DATA SEGMENT:
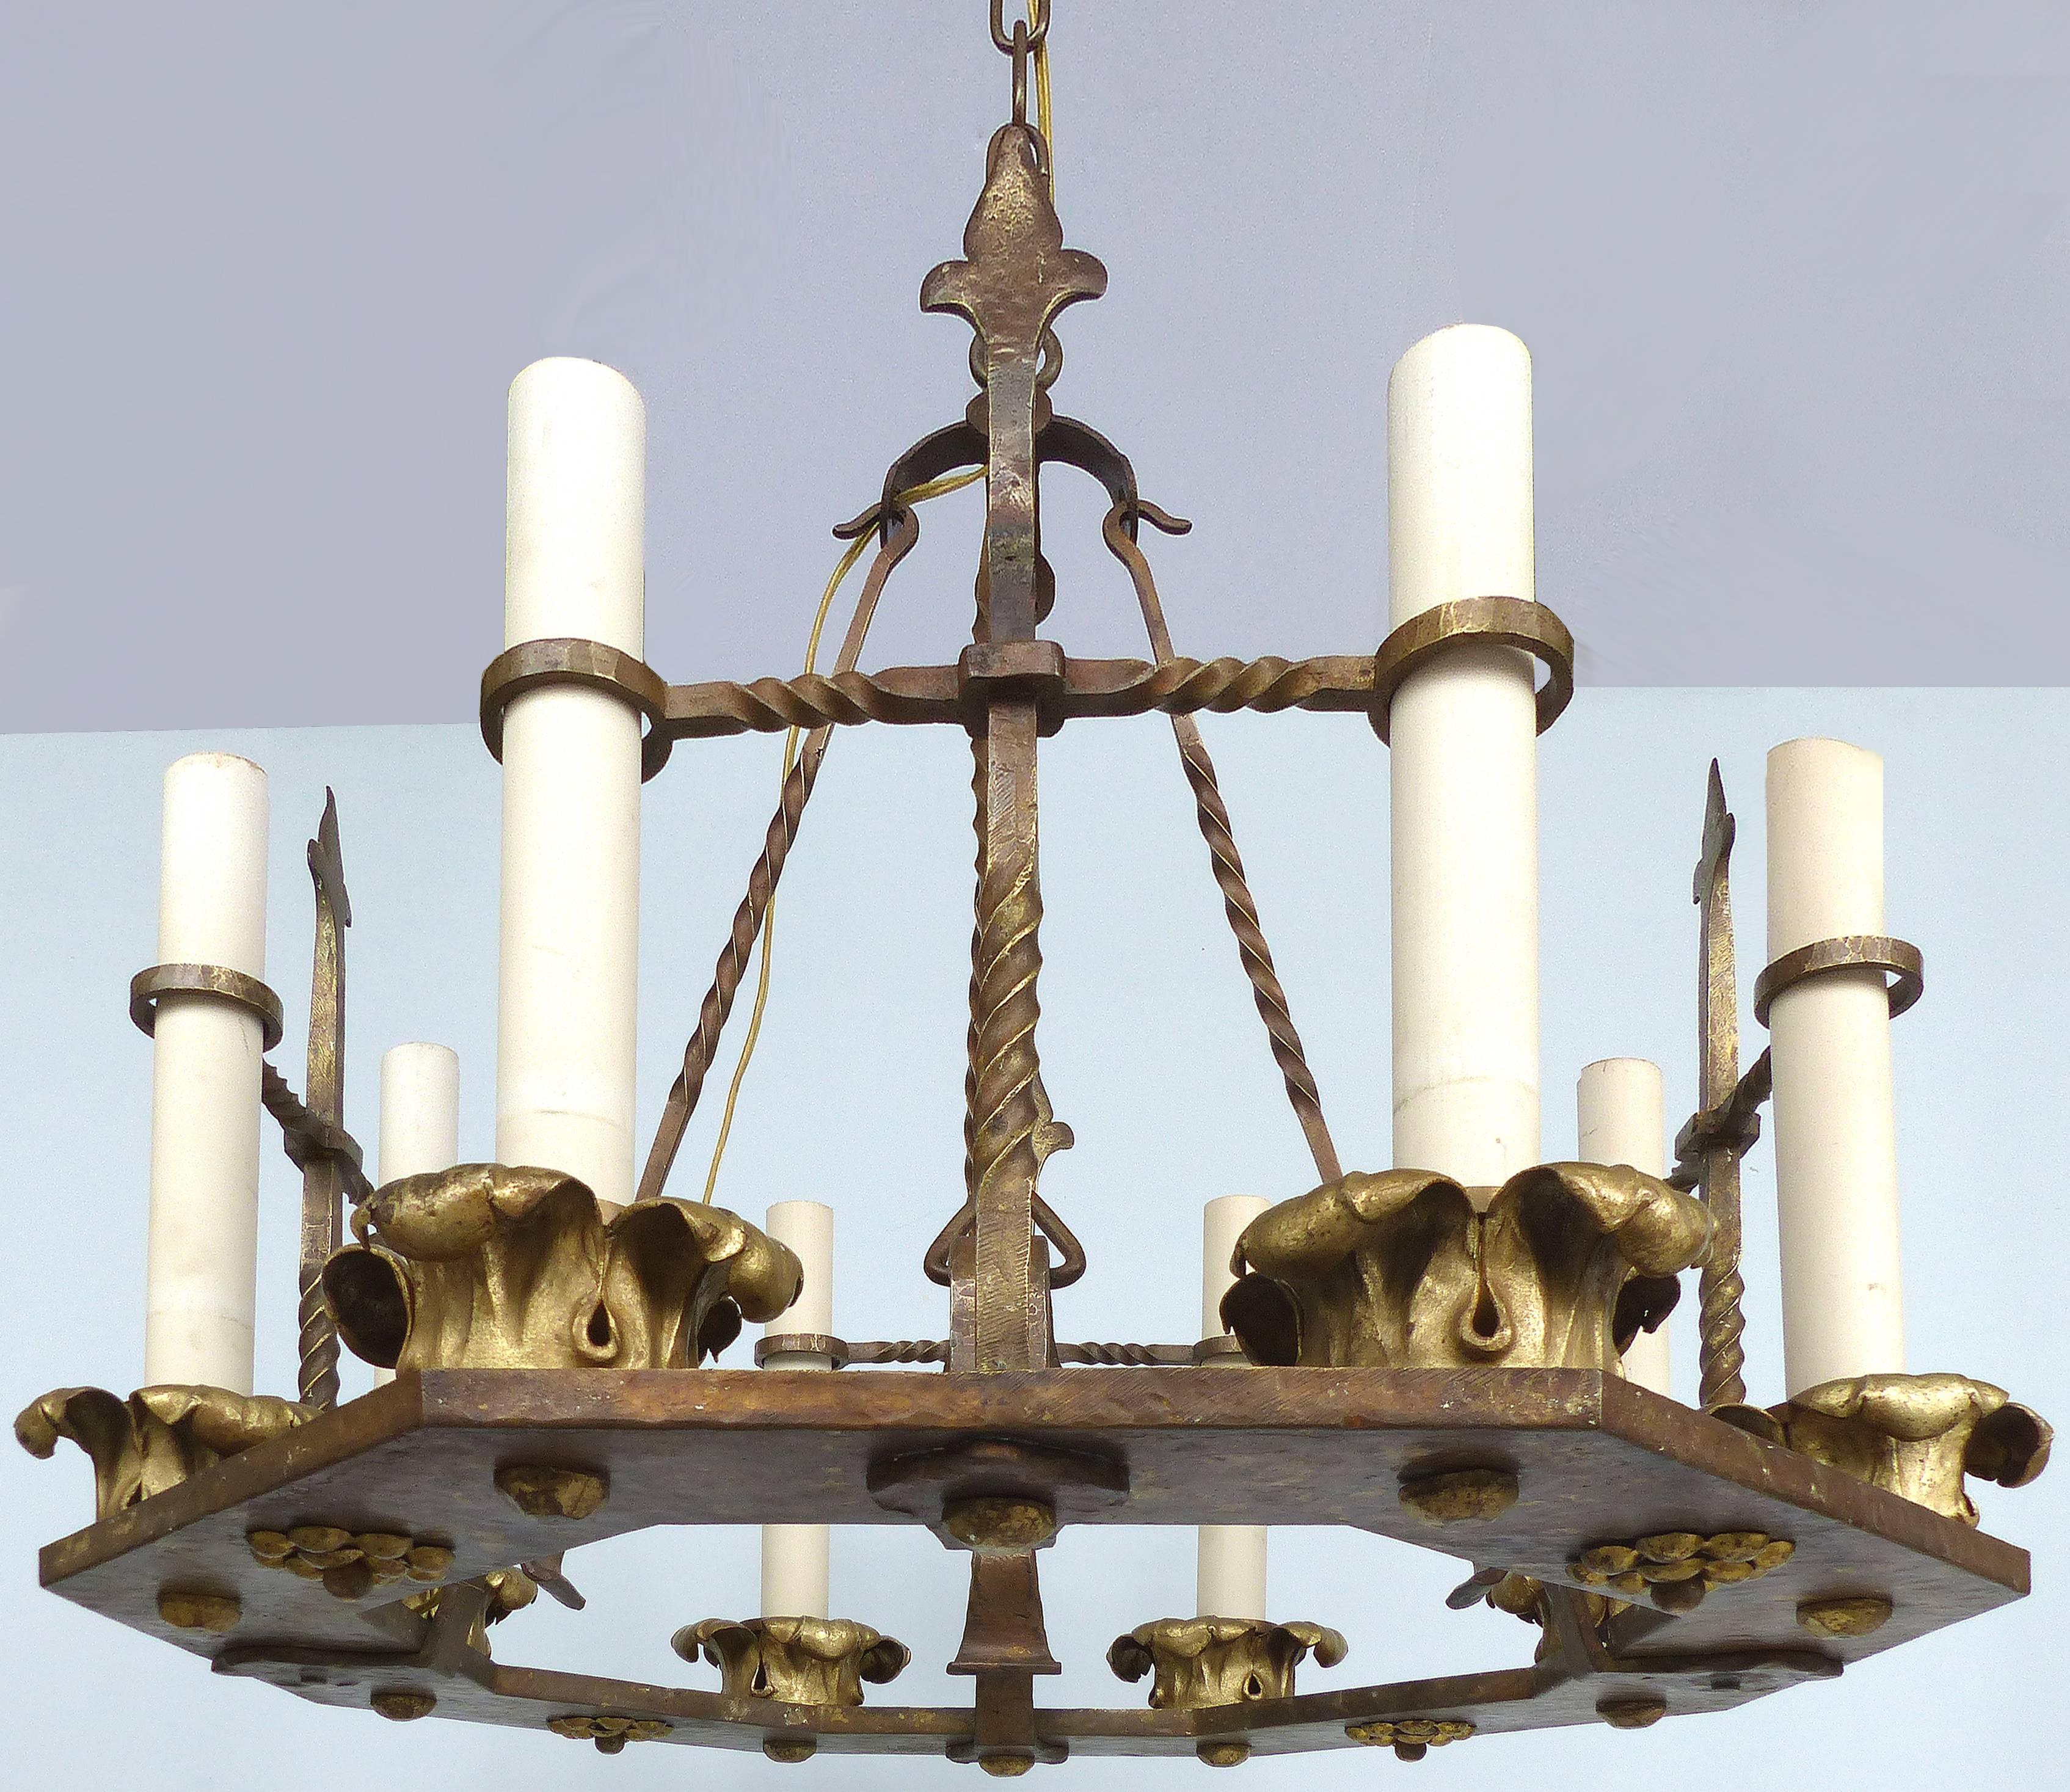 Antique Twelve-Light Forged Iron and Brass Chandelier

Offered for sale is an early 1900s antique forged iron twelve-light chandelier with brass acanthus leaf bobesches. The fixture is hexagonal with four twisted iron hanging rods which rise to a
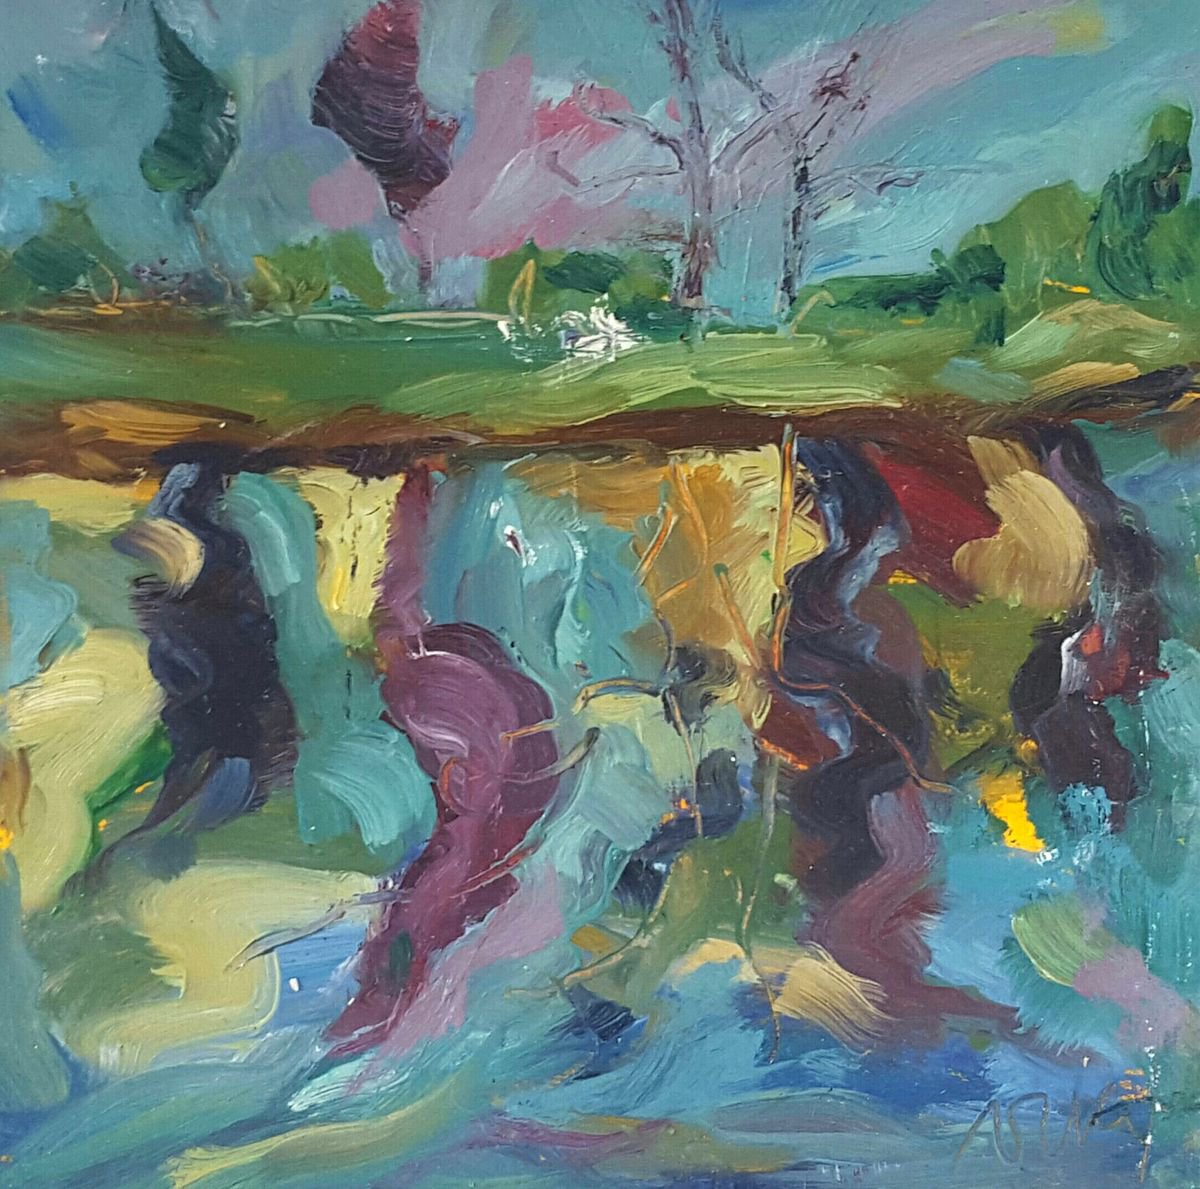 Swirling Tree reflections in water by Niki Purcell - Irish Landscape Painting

ACTIVITY: From the material above, reproduce everything verbatim except the pictures.

SOLVED EXERCISE:
 Antique Twelve-Light Forged Iron and Brass Chandelier

Offered for sale is an early 1900s antique forged iron twelve-light chandelier with brass acanthus leaf bobesches. The fixture is hexagonal with four twisted iron hanging rods which rise to a
 Swirling Tree reflections in water by Niki Purcell - Irish Landscape Painting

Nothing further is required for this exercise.